» Your assignment
Please give back the listing exactly, without any of its pictures.

» Information shown
——

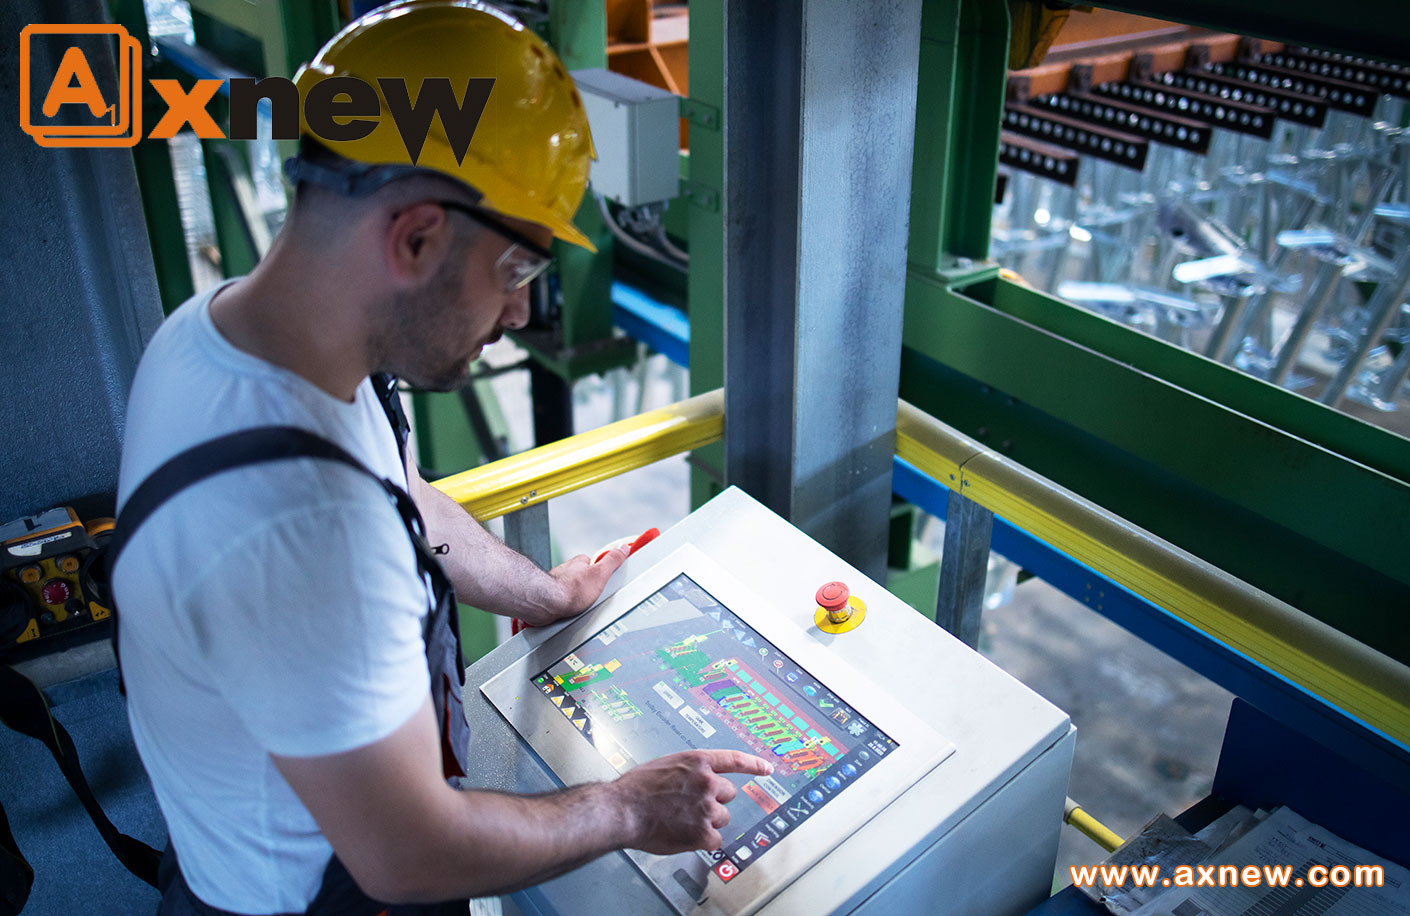 Embedded industrial touch display
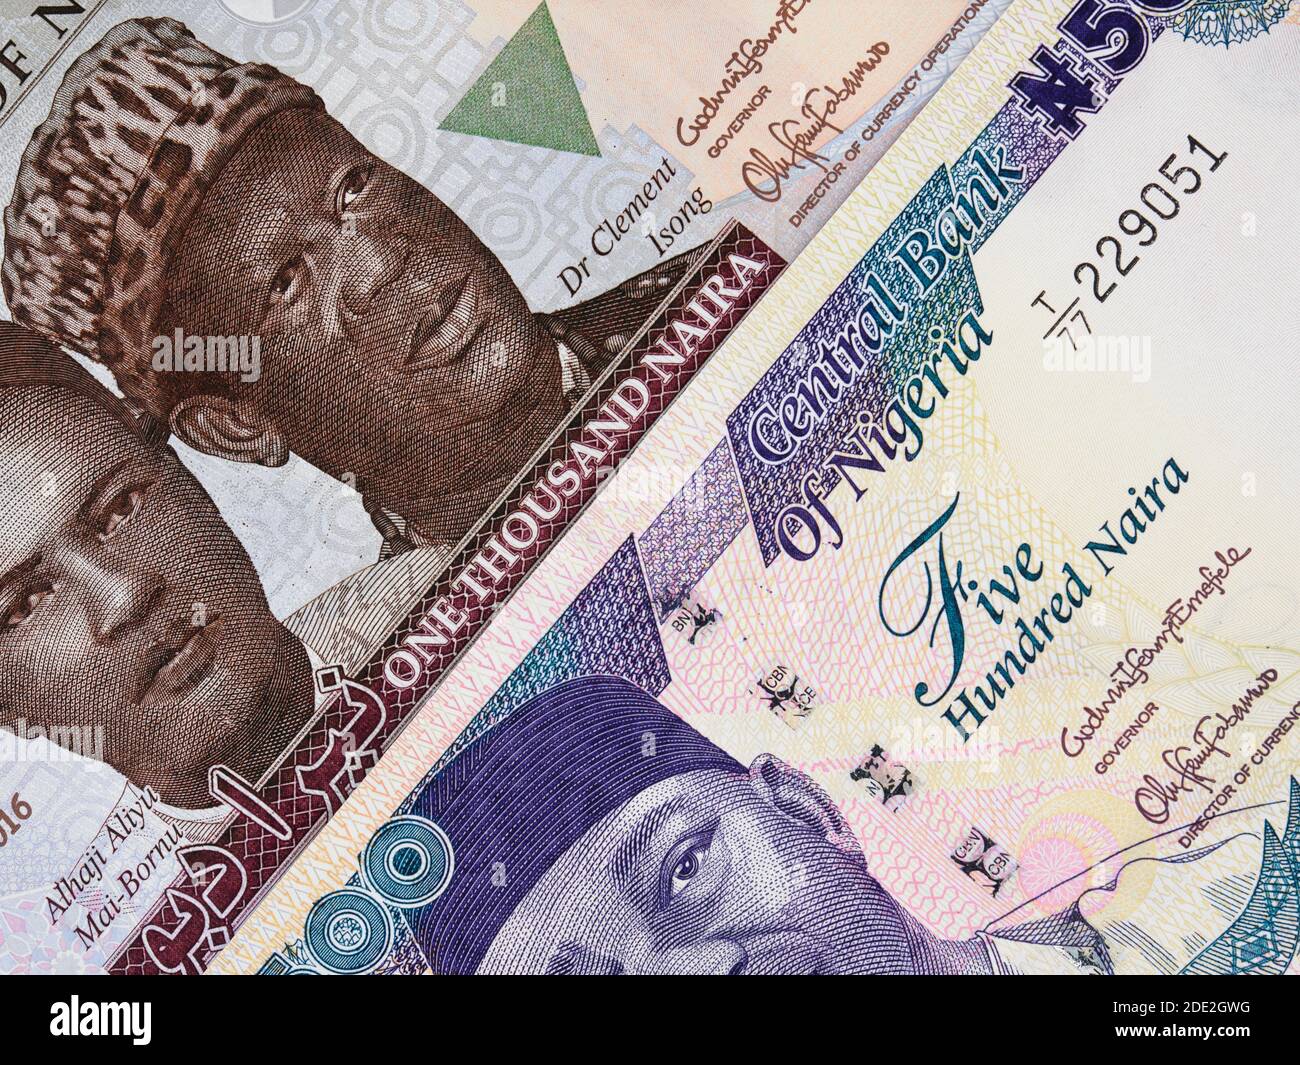 Nigerian currency naira central bank notes, Nigeria money Stock Photo
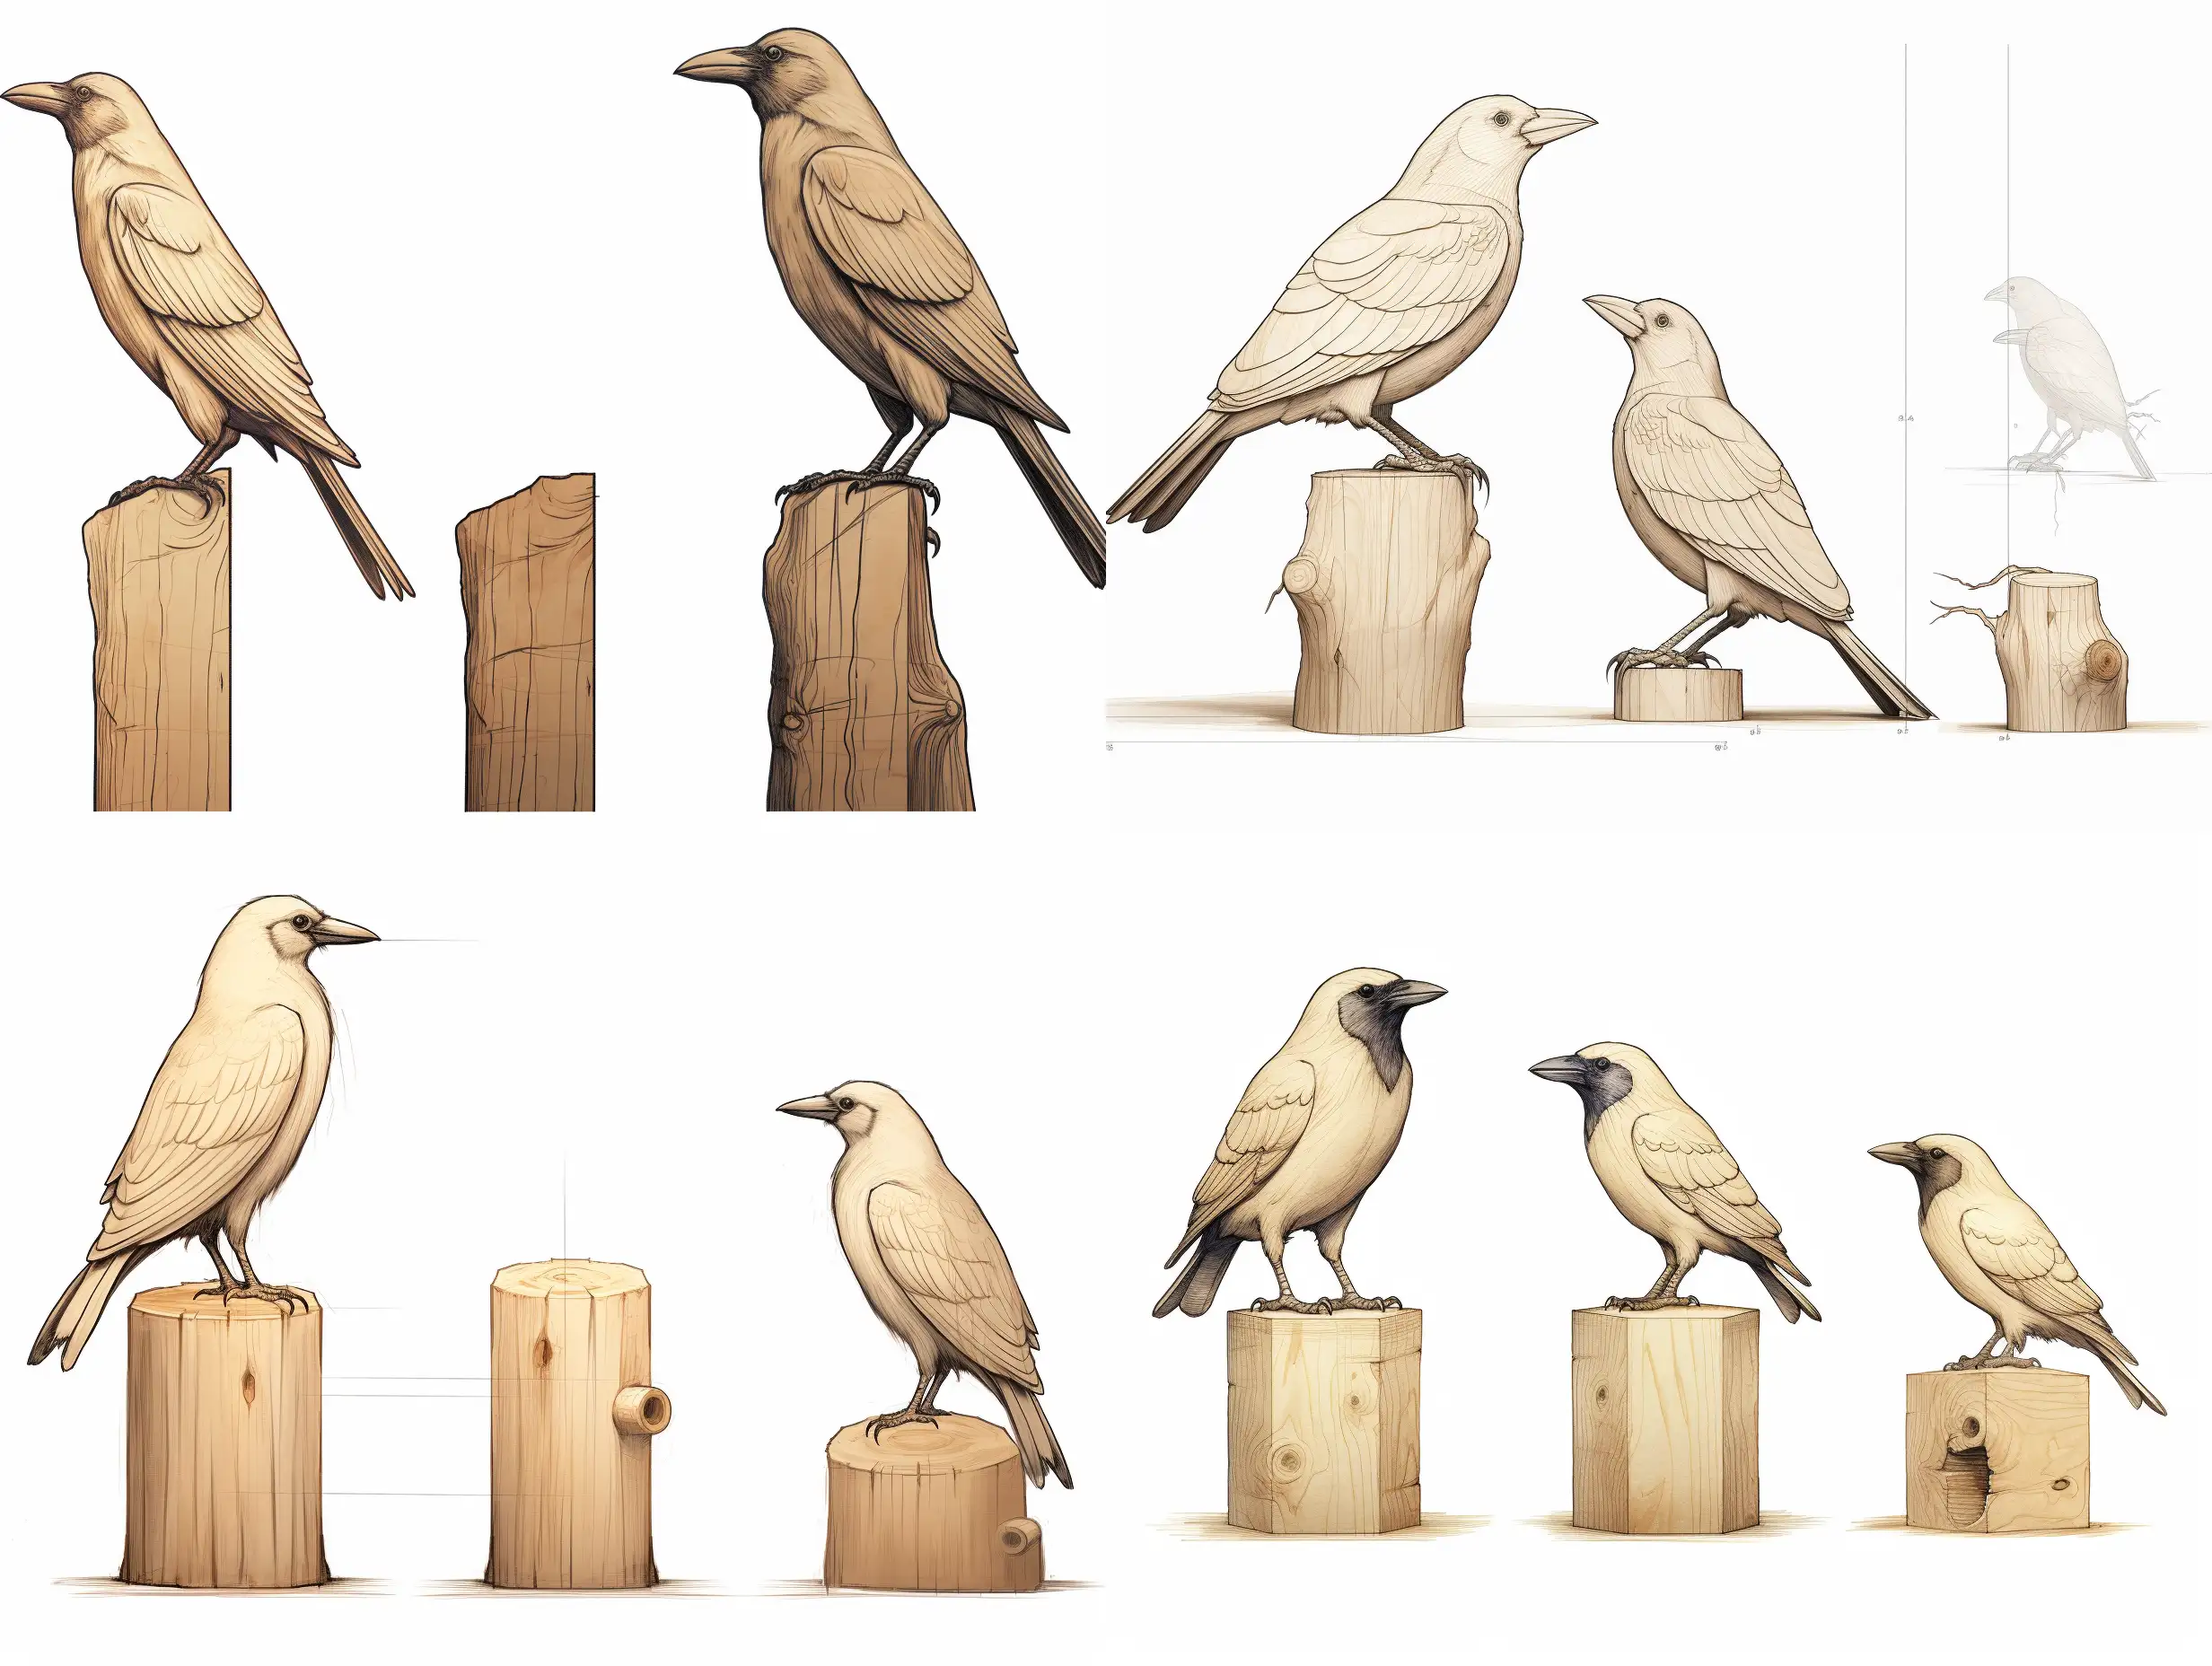 Realistic-Wooden-Raven-Sculpture-on-Cube-Professional-Wood-Carving-Art

——

» Your response
 Embedded industrial touch display
 Nigerian currency naira central bank notes, Nigeria money Stock Photo
 Realistic-Wooden-Raven-Sculpture-on-Cube-Professional-Wood-Carving-Art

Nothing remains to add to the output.